** PROVIDED MATERIAL **
++++++
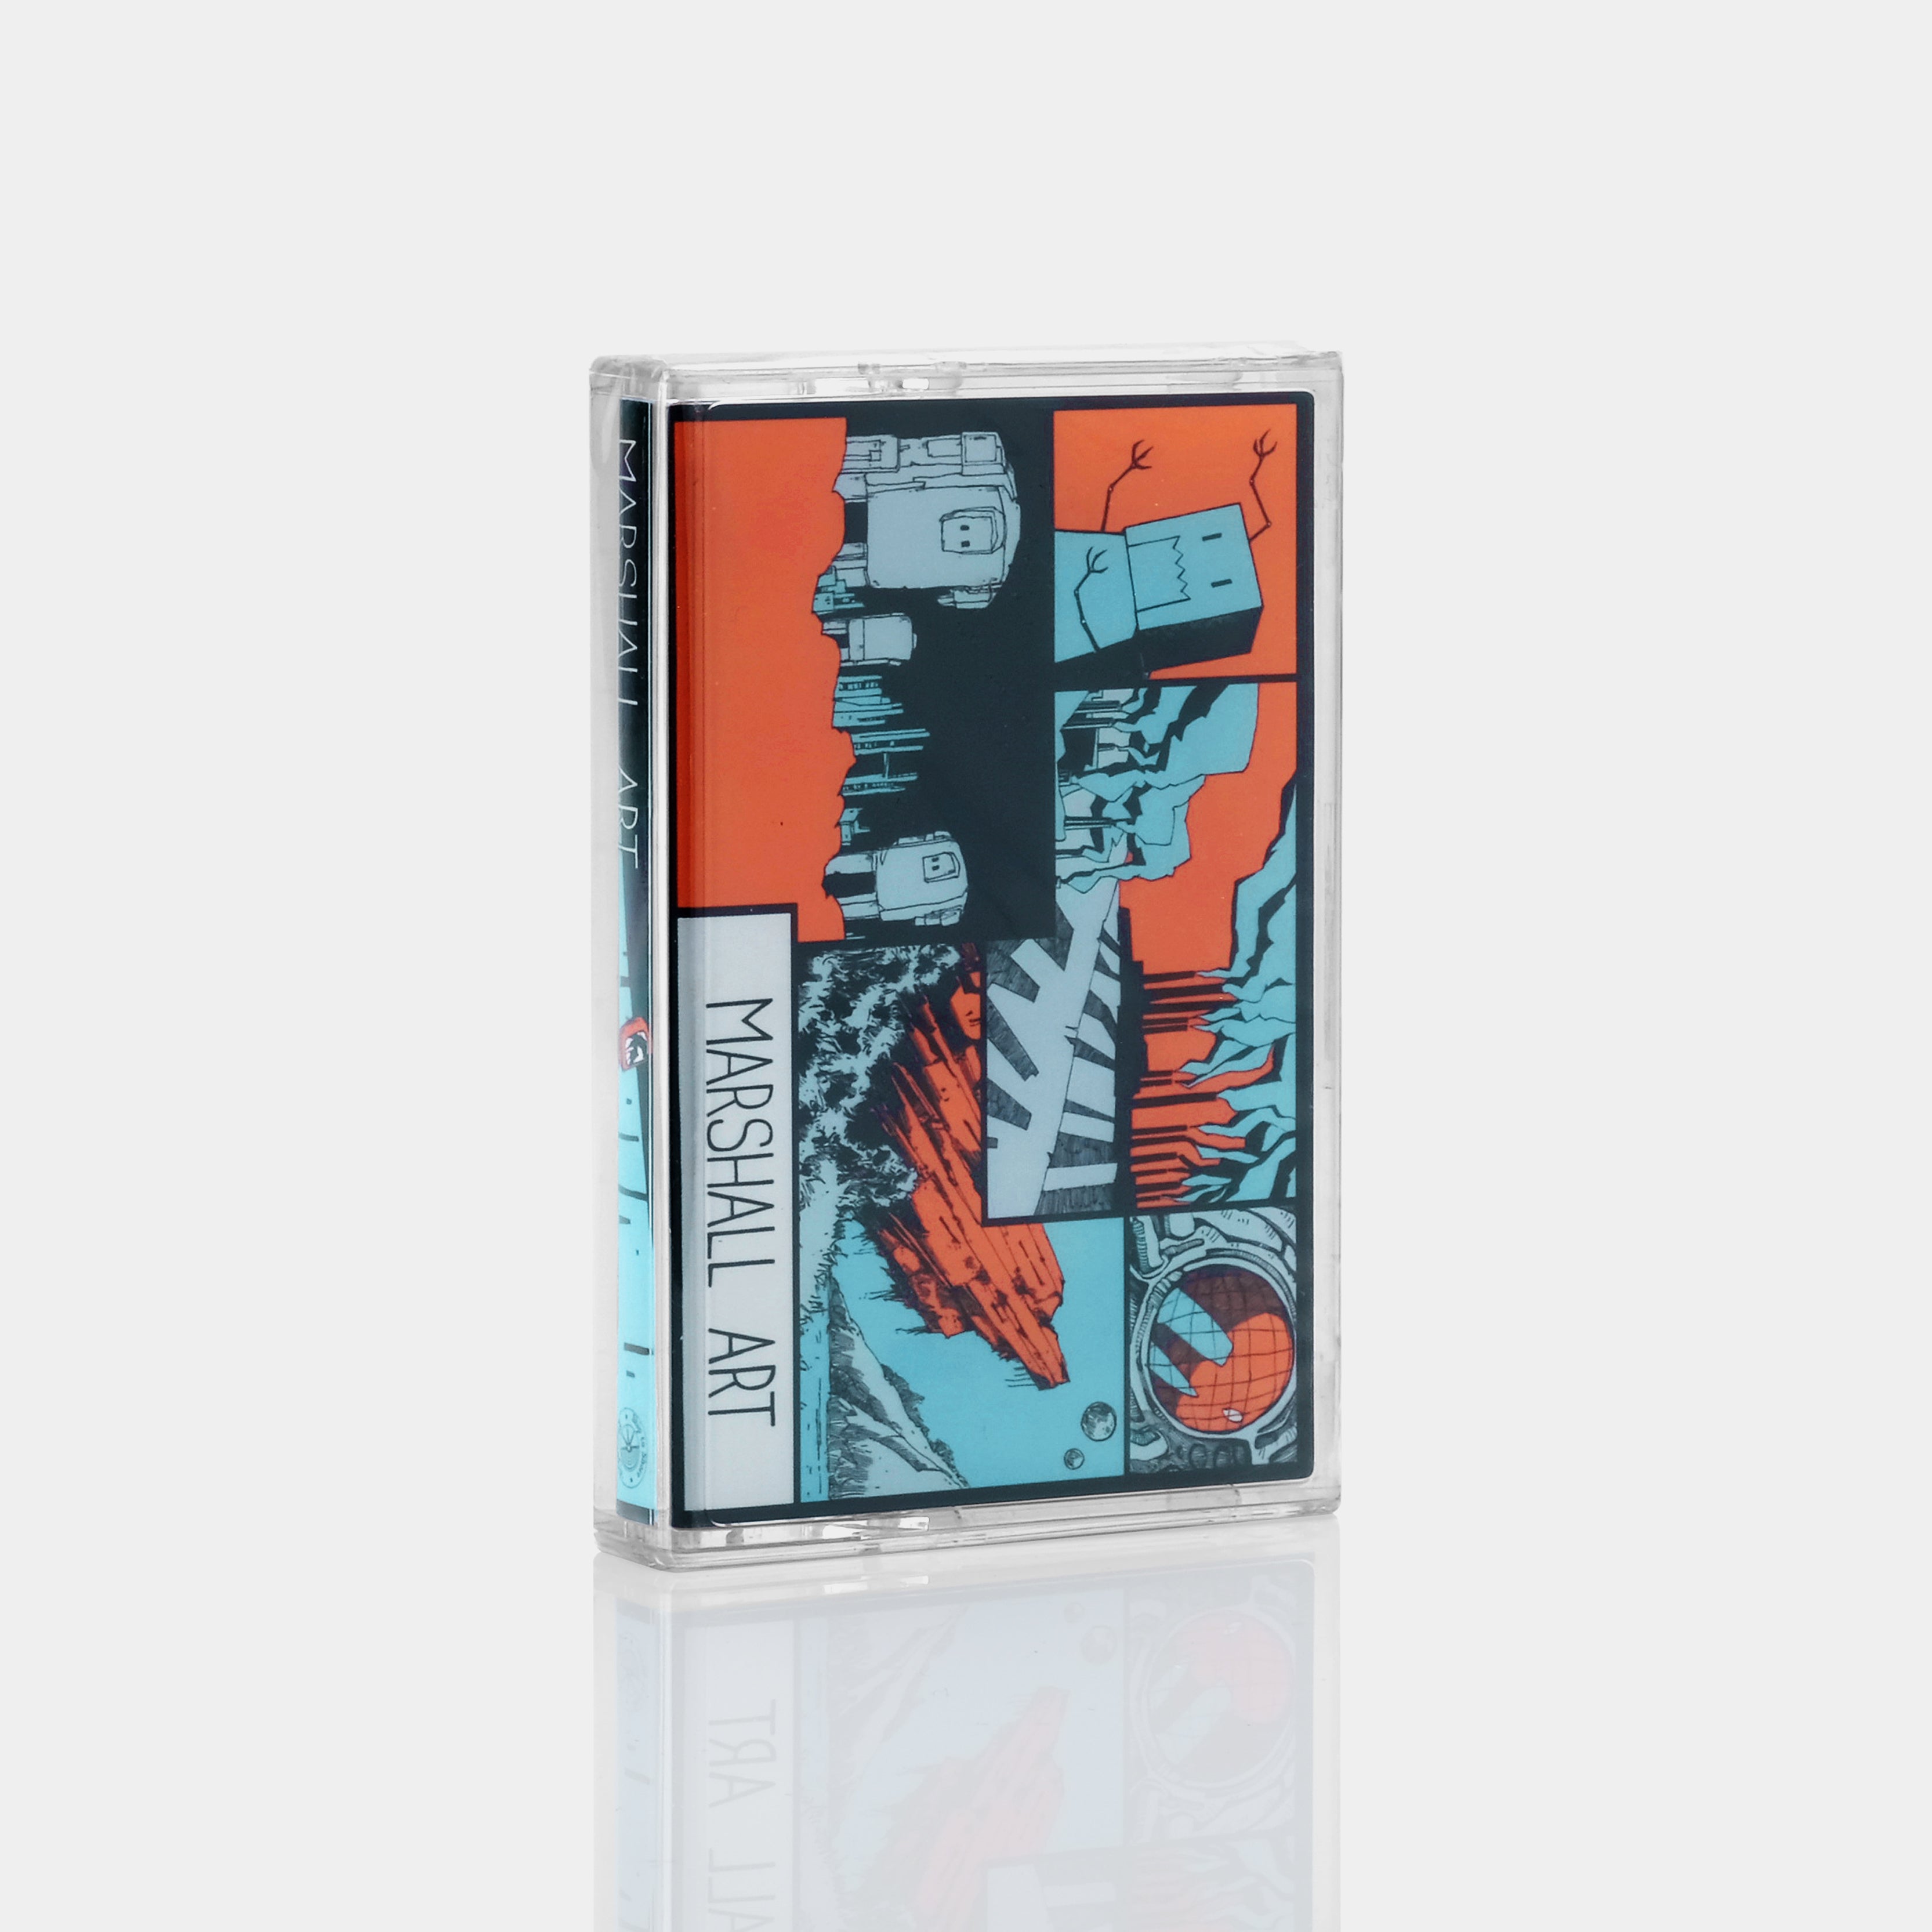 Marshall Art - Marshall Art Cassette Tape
++++++
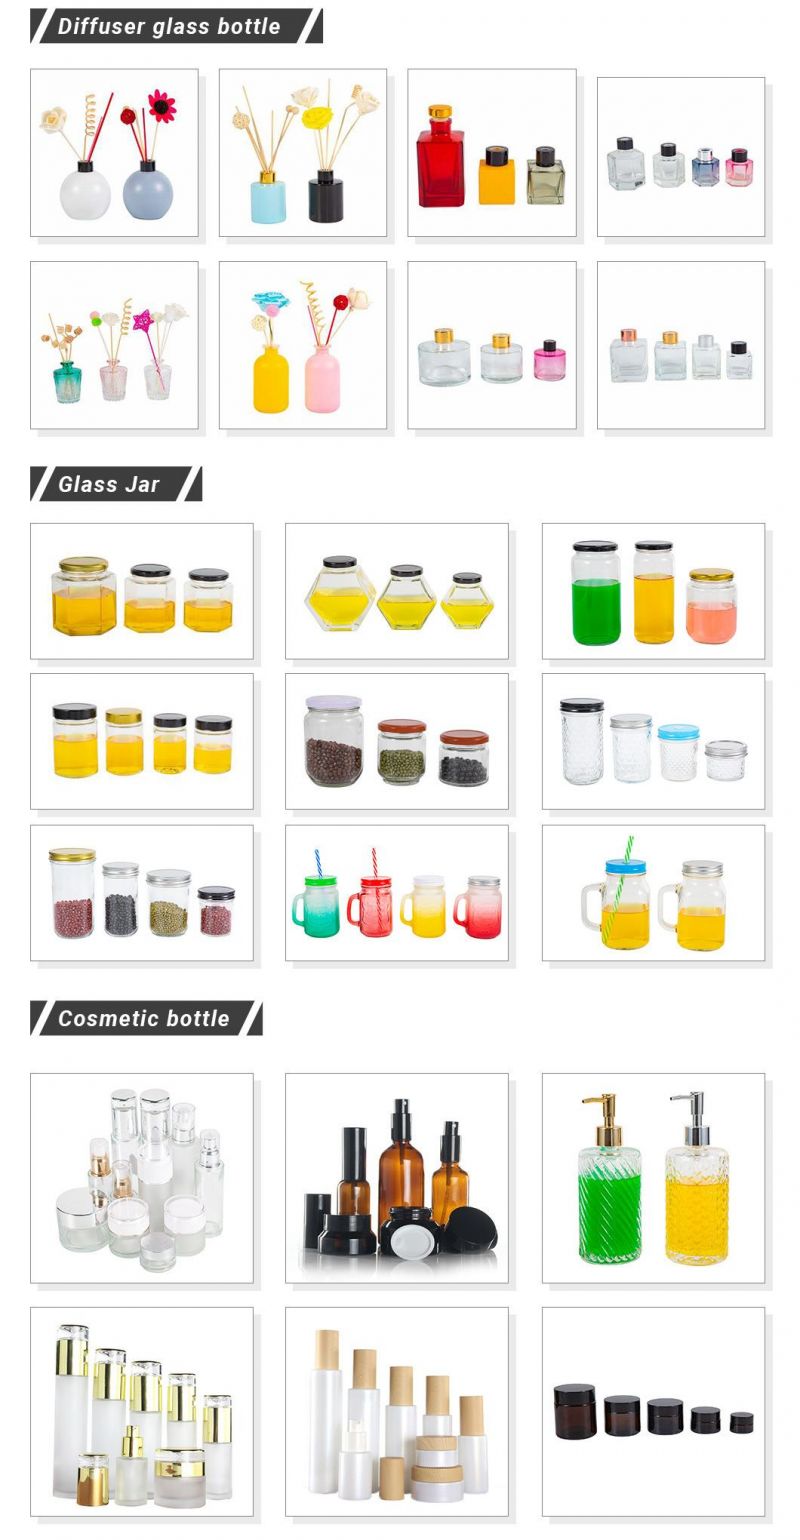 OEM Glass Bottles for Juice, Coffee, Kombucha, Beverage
++++++
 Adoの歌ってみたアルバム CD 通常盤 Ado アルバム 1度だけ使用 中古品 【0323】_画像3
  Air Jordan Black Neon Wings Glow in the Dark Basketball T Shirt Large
++++++
** REQUIREMENT **
Word for word, restate the lines above from the line containing "Adoの歌ってみたアルバム CD 通常盤" through the line containing "Air Jordan Black", with both included and nothing else.

** EXERCISE SOLUTION **
 Adoの歌ってみたアルバム CD 通常盤 Ado アルバム 1度だけ使用 中古品 【0323】_画像3
  Air Jordan Black Neon Wings Glow in the Dark Basketball T Shirt Large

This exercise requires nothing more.